Все эти имена были для меня китайской грамотой. Я поинтересовался, кто такие г-н де Сийери и г-жа де Жанлис.
— Да, ты прав, — ответил Дюпле. — Вечно я забываю, что ты явился к нам из глубины лесов, а там, у вас, эти люди неизвестны.
— Но, по-моему, мне имя господина де Сийери знакомо. Если я не ошибаюсь, в Национальное собрание его выбрали дворяне Шампани.
— Верно, малыш, верно!
— Однако я не знаю, что он за человек.
— Подожди, сейчас я тебе скажу, кто он такой. Ведь, слава Богу, теперь и мы, простые люди, начинаем разбираться не только в именах, но и в людях. Шарль Алексис Брюлар тоже маркиз, как и Лафайет; правда, отказавшись, подобно ему, в ночь на четвертое августа от своего титула, он теперь зовется просто Сийери, как я, Дюпле. Говорят, он внучатый племянник канцлера Франции при добром Генрихе Четвертом, которого не заставляли присягать на верность конституции. Он храбрец, ничего не скажешь; в двадцать лет участвовал в боевых действиях в Вест-Индии и заработал себе звание острием собственной шпаги.

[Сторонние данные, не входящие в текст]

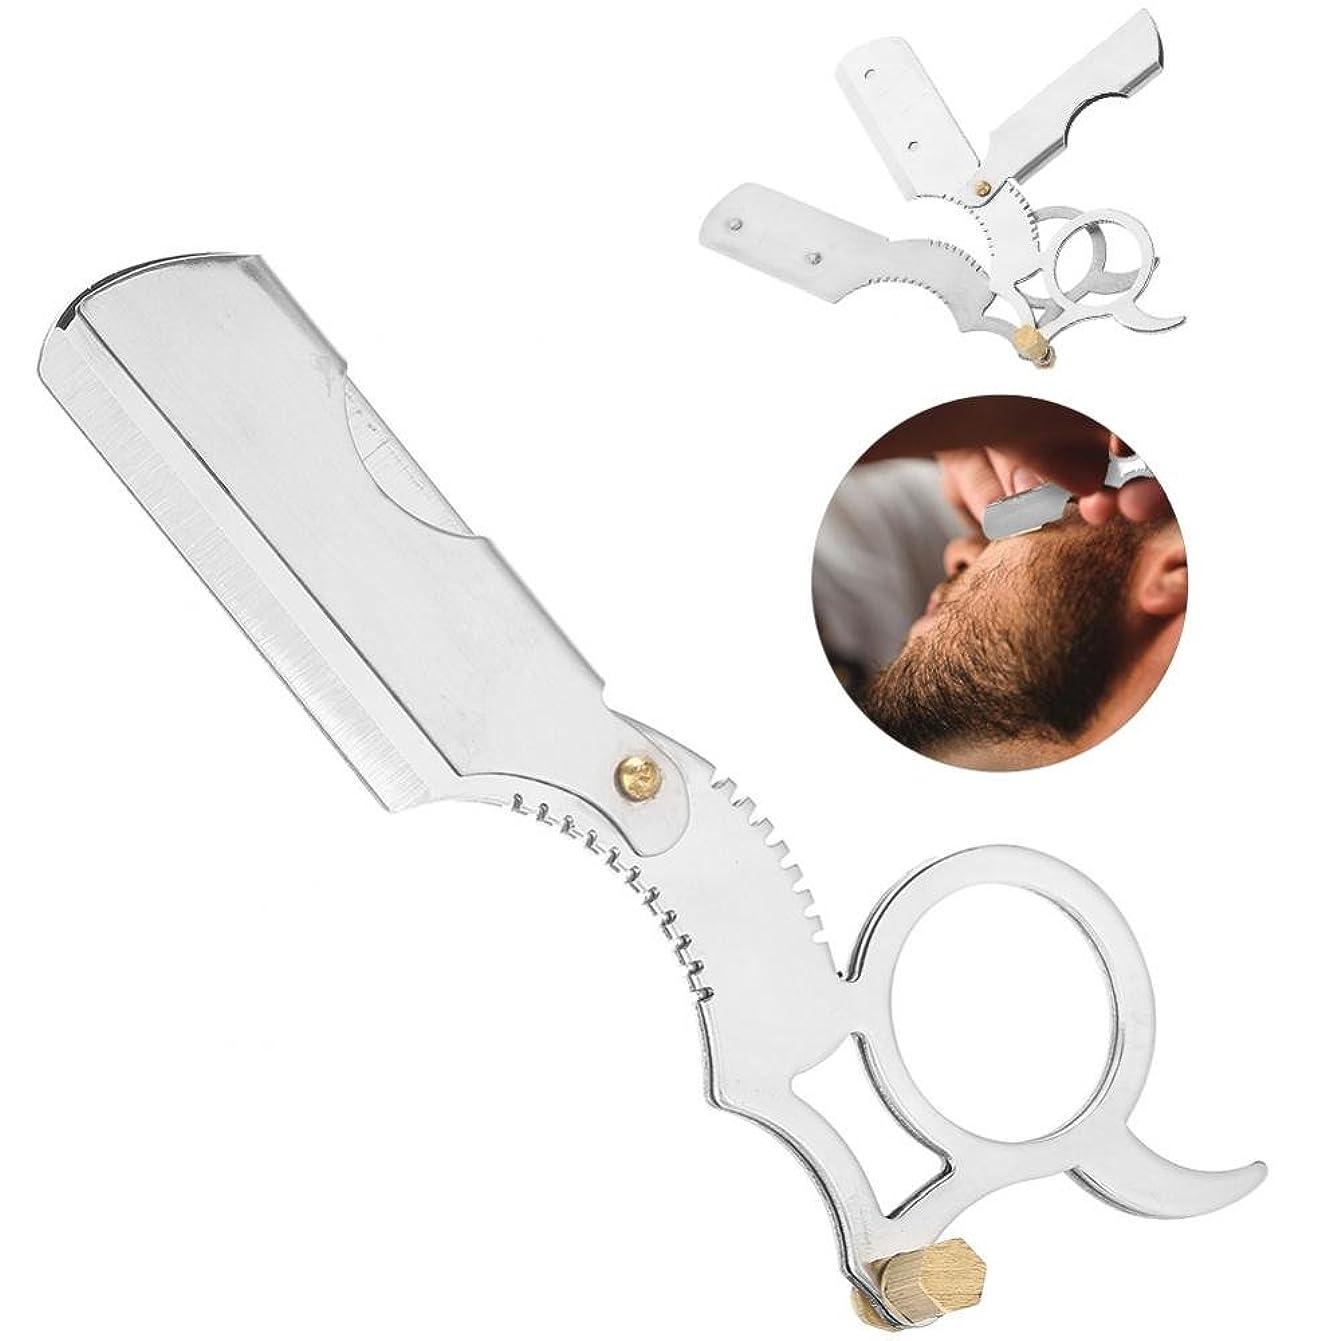 輝度セージスロベニアかみそり 男性 ステンレス鋼 安全剃刀 刃ヘッドシェーバー 折りたたみ 男性フェイスケア クレンジングシェービングツール(1)
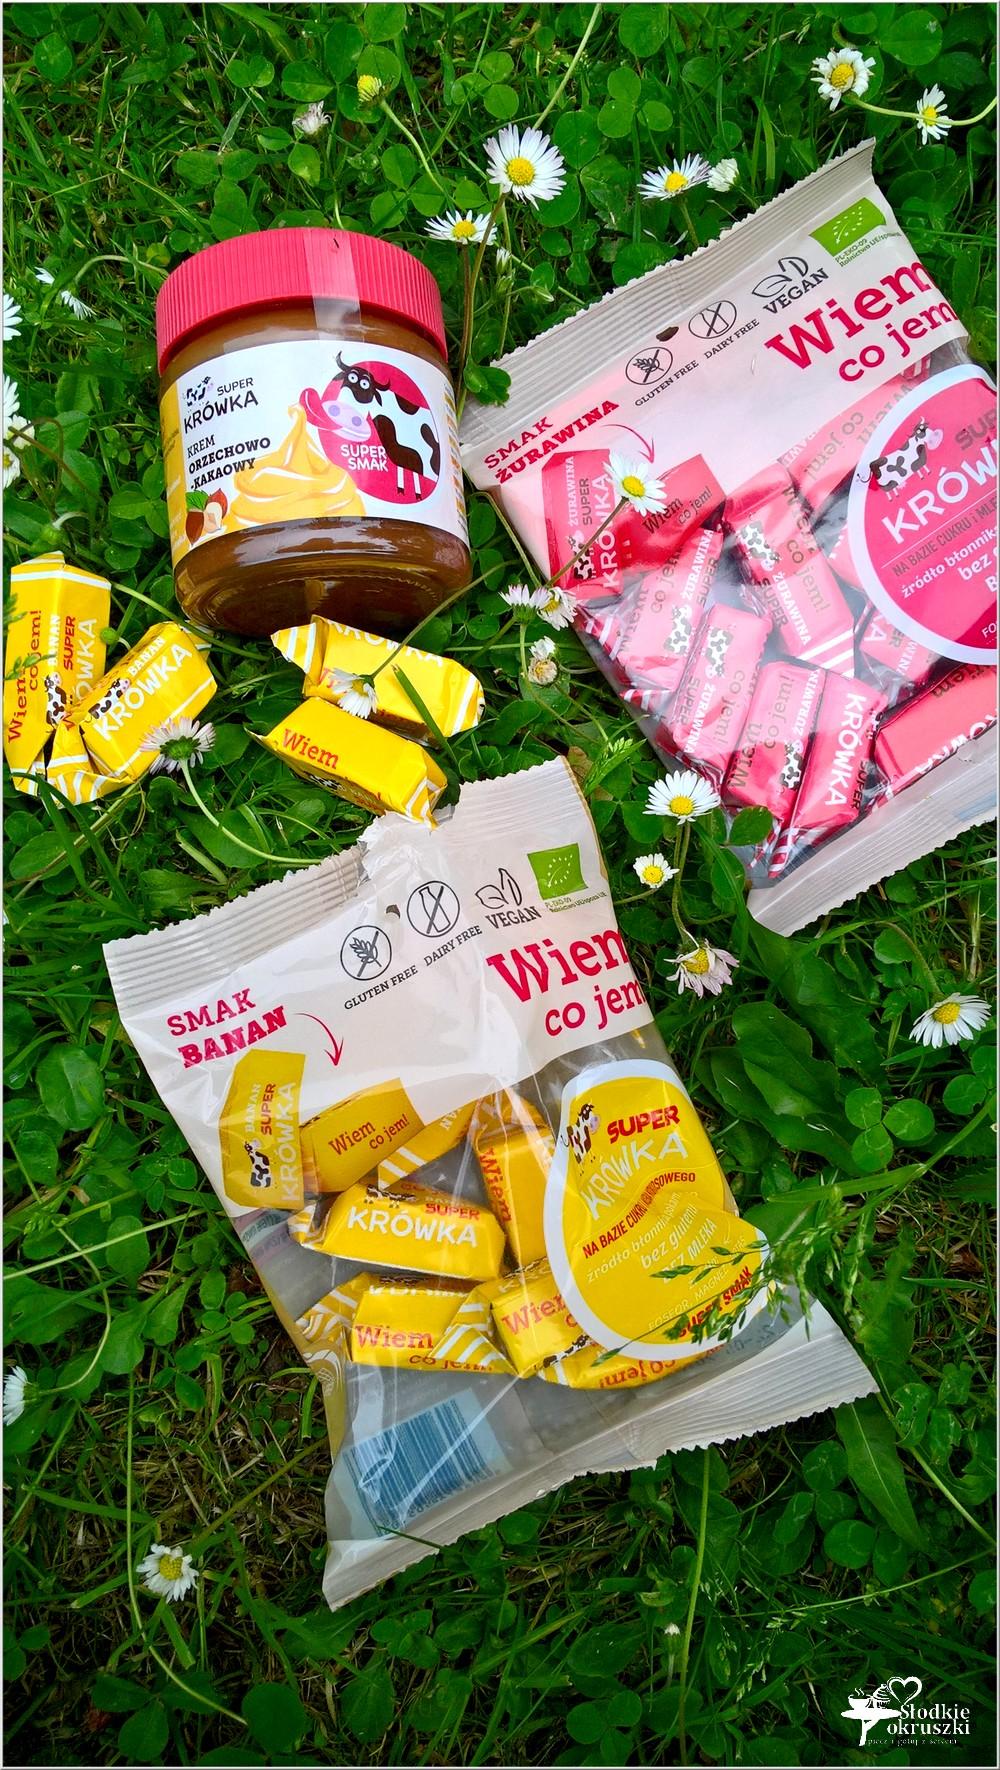 Super krówka - zdrowe i pyszne słodkości (1)

— А кто он по званию? — поинтересовался я.
— Капитан линейного корабля.
— Но, мне кажется, на нем мундир полковника гренадеров.
— Да, потом он перешел в сухопутные войска. Сийери — тоже признанный агент герцога Орлеанского. В юности он звался граф де Жанлис, теперь эту фамилию носит его жена. Она приобрела двойную известность: как писательница и как любовница герцога Орлеанского, детей которого воспитала; сейчас она вернулась к своим литературным трудам. В качестве любовницы герцога ее сменила англичанка, госпожа Эллиот, но и она, как уверяет господин Лакло, скоро уступит свое место госпоже де Бюффон.
— Но неужели всем все так известно, что вы, простой ремесленник, не принадлежащий к этому кругу, до тонкостей знаете, что там происходит? — удивился я.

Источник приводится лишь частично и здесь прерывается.